Точно и подробно объяснить, как именно атомы и их электроны формируют спектральные линии, удалось лишь полвека спустя, с началом эры квантовой механики, однако понятийная основа была уже заложена. Фраунгофер соотнес царство лабораторной физики с космосом – в точности как Ньютон в своих уравнениях тяготения соотнес царство лабораторной физики с Солнечной системой. Все было готово для того, чтобы впервые заявить, какие химические элементы составляют Вселенную и при каких условиях – температуре и давлении – они являют спектроскописту свои узоры.

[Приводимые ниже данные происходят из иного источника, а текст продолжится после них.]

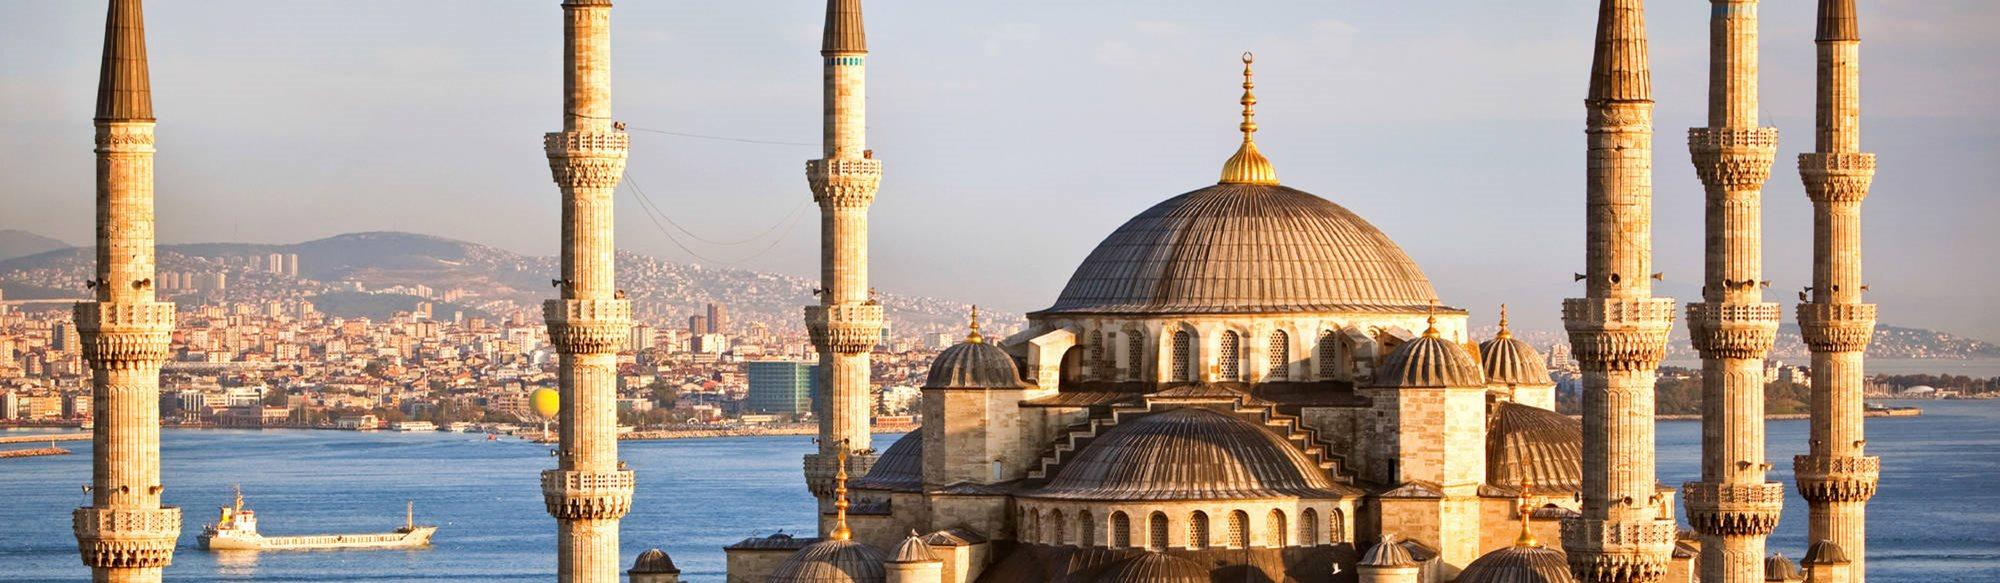 Istanbul pris och sprit lockar svenskar till
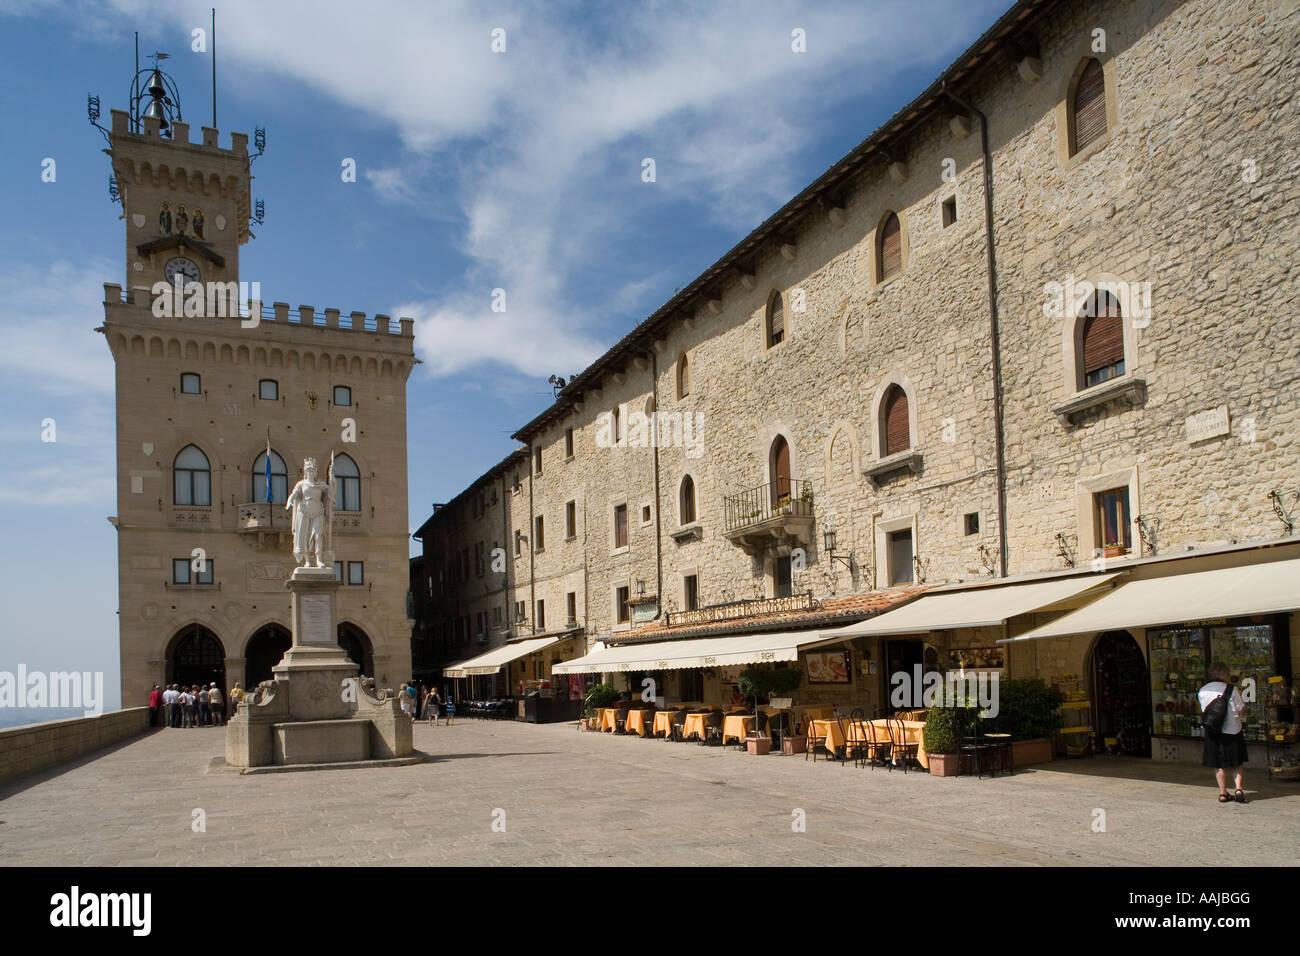 Piazza della Liberta Palazzo Pubblico Republic of San Marino - Stock Image

Кабинетным философам случалось делать много громких недальновидных заявлений, однако здесь уместно вспомнить Огюста Конта (1798–1857), который в 1835 году в своем труде «Курс позитивной философии» («Cours de la Philosophie Positive») провозгласил:
Что касается звезд, все исследования, которые нельзя в конечном итоге свести к простым зрительным наблюдениям… нам, естественно, недоступны… Мы никогда не сможем никакими средствами изучить их химический состав… Я считаю, что нам никогда не будут доступны никакие достоверные сведения касательно средней температуры разнообразных звезд.

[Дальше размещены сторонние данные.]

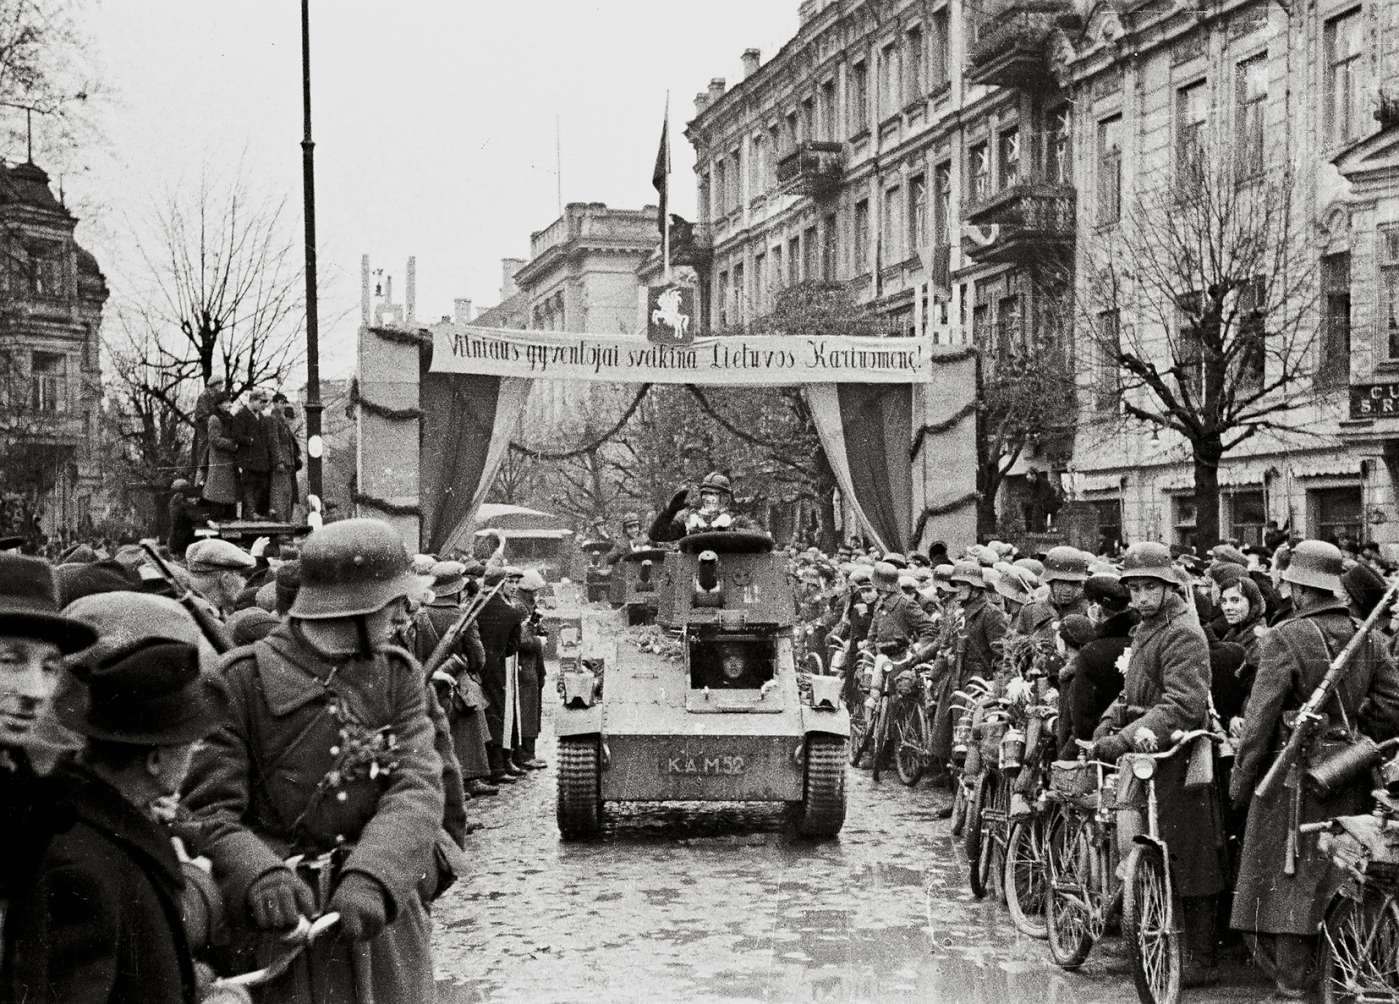 J. Miežlaiškis. Lietuvos kaiuomėnė įžengia į sugražintą Vilnių. 1939 m. | V. Juraičio archyvo nuotr.
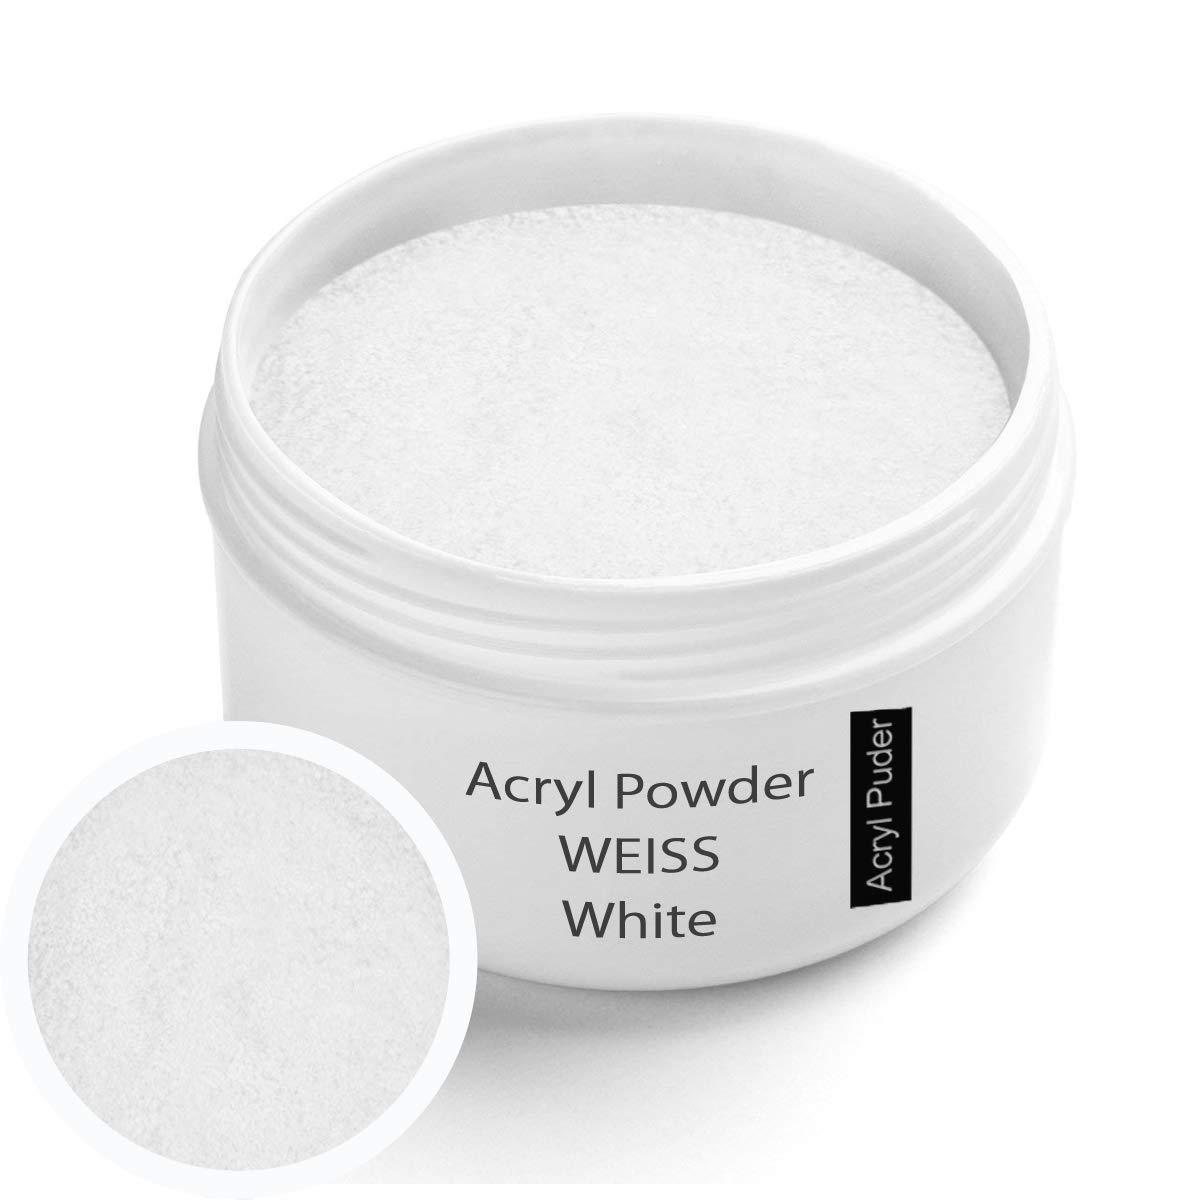 Acrylic powder white 30g Sun Garden Nails 2479

Начитавшись подобных цитат, заречешься утверждать в печати что бы то ни было.
Прошло всего семь лет, и в 1842 году австрийский физик Кристиан Допплер открыл эффект, получивший его имя: длина волны, испускаемой движущимся телом, меняется. Казалось бы, все очевидно: движущееся тело должно растягивать волны позади (сокращать их частоту) и сжимать волны впереди (повышать их частоту). Чем быстрее движется предмет, тем сильнее свет сокращается перед ним и растягивается позади него. Простое соотношение между скоростью и частотой приводит к важным следствиям. Если знаешь, какую частоту испускало тело, а при этом измерения дают другую величину, то разница между ними прямо покажет, с какой скоростью тело движется на тебя или от тебя. В своей статье, опубликованной в 1842 году, Допплер делает пророческое заявление:
Почти наверняка можно утверждать, что это явление [эффект Допплера] уже в не столь отдаленном будущем станет для астрономов долгожданным средством определения движения… таких звезд, которые… до сего момента не позволяли надеяться на подобные измерения и заключения.

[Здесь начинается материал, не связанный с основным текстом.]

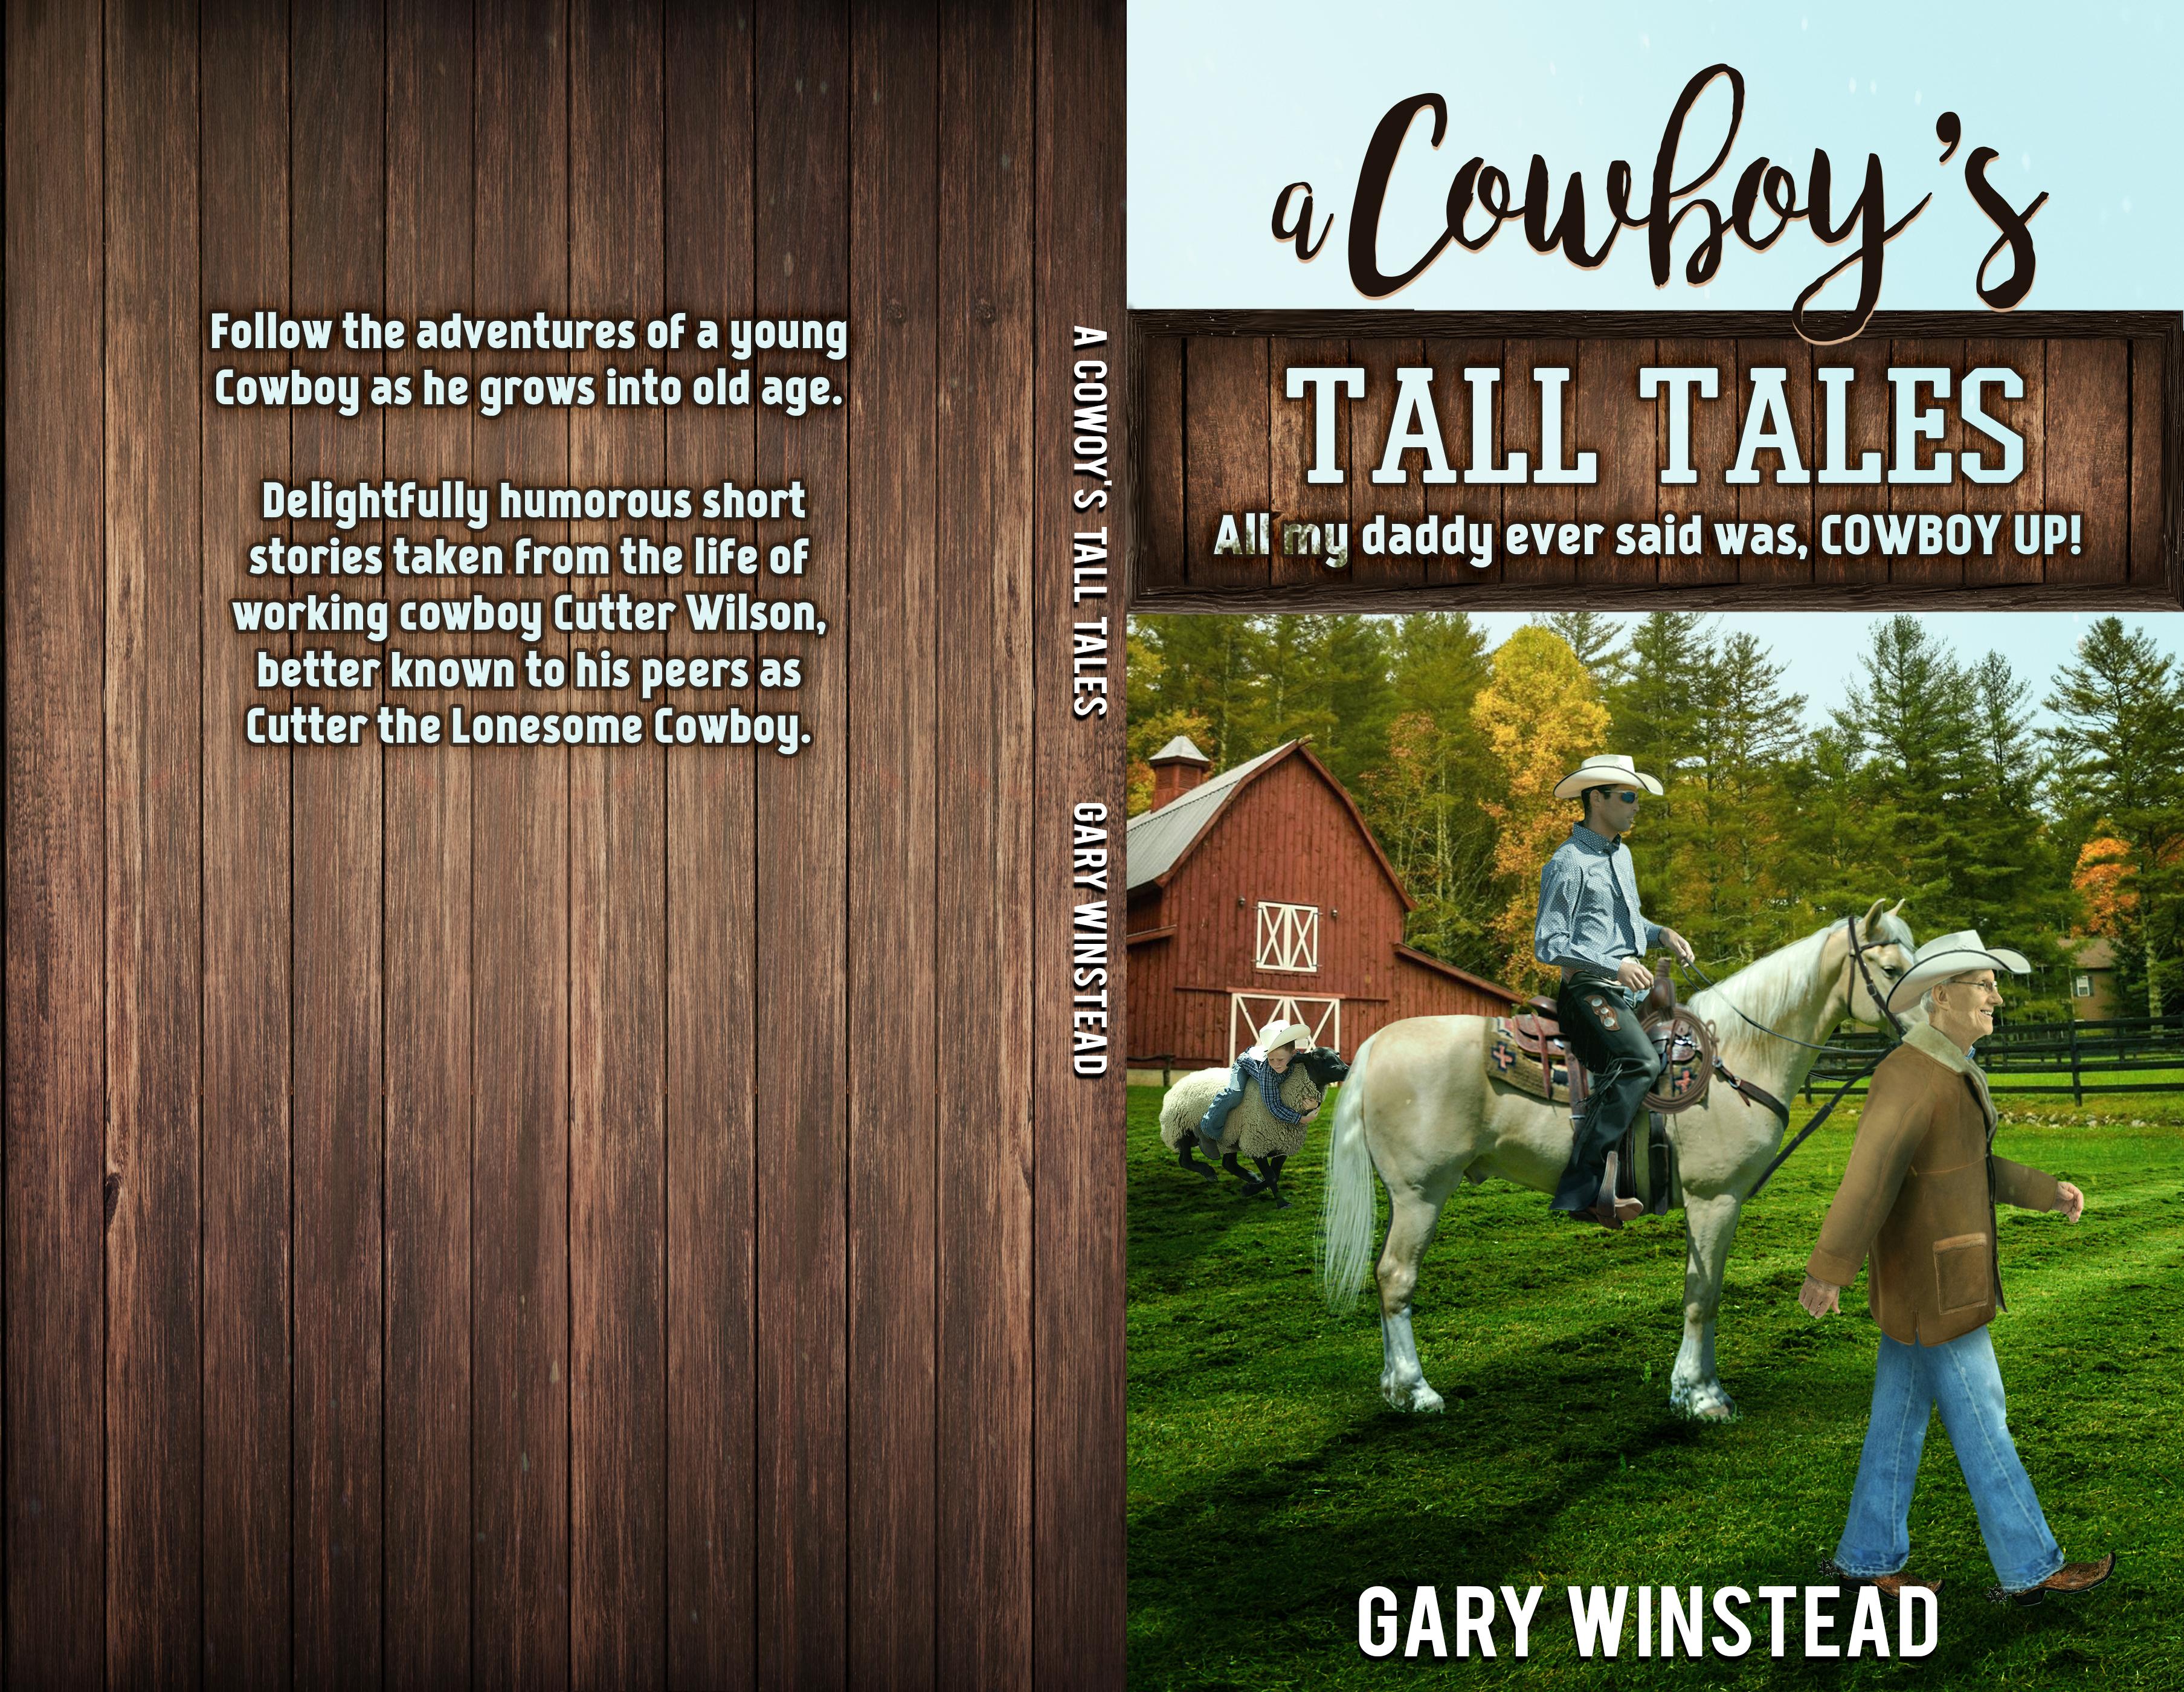 A Cowboy's tall tales

Эта идея справедлива для звуковых волн, световых волн и вообще любых волн любого происхождения. (Вот бы Допплер удивился, если бы узнал, что когда-нибудь его открытие будет применяться в микроволновых «радарах», при помощи которых полицейские изымают деньги у людей, ведущих автомобиль со скоростью выше установленной законом!) К 1845 году Допплер уже провел эксперименты с оркестром, играющим на платформе, прицепленной к паровозу, а его помощники, обладатели абсолютного музыкального слуха, записали, как меняются ноты, когда паровоз приближается, а затем удаляется.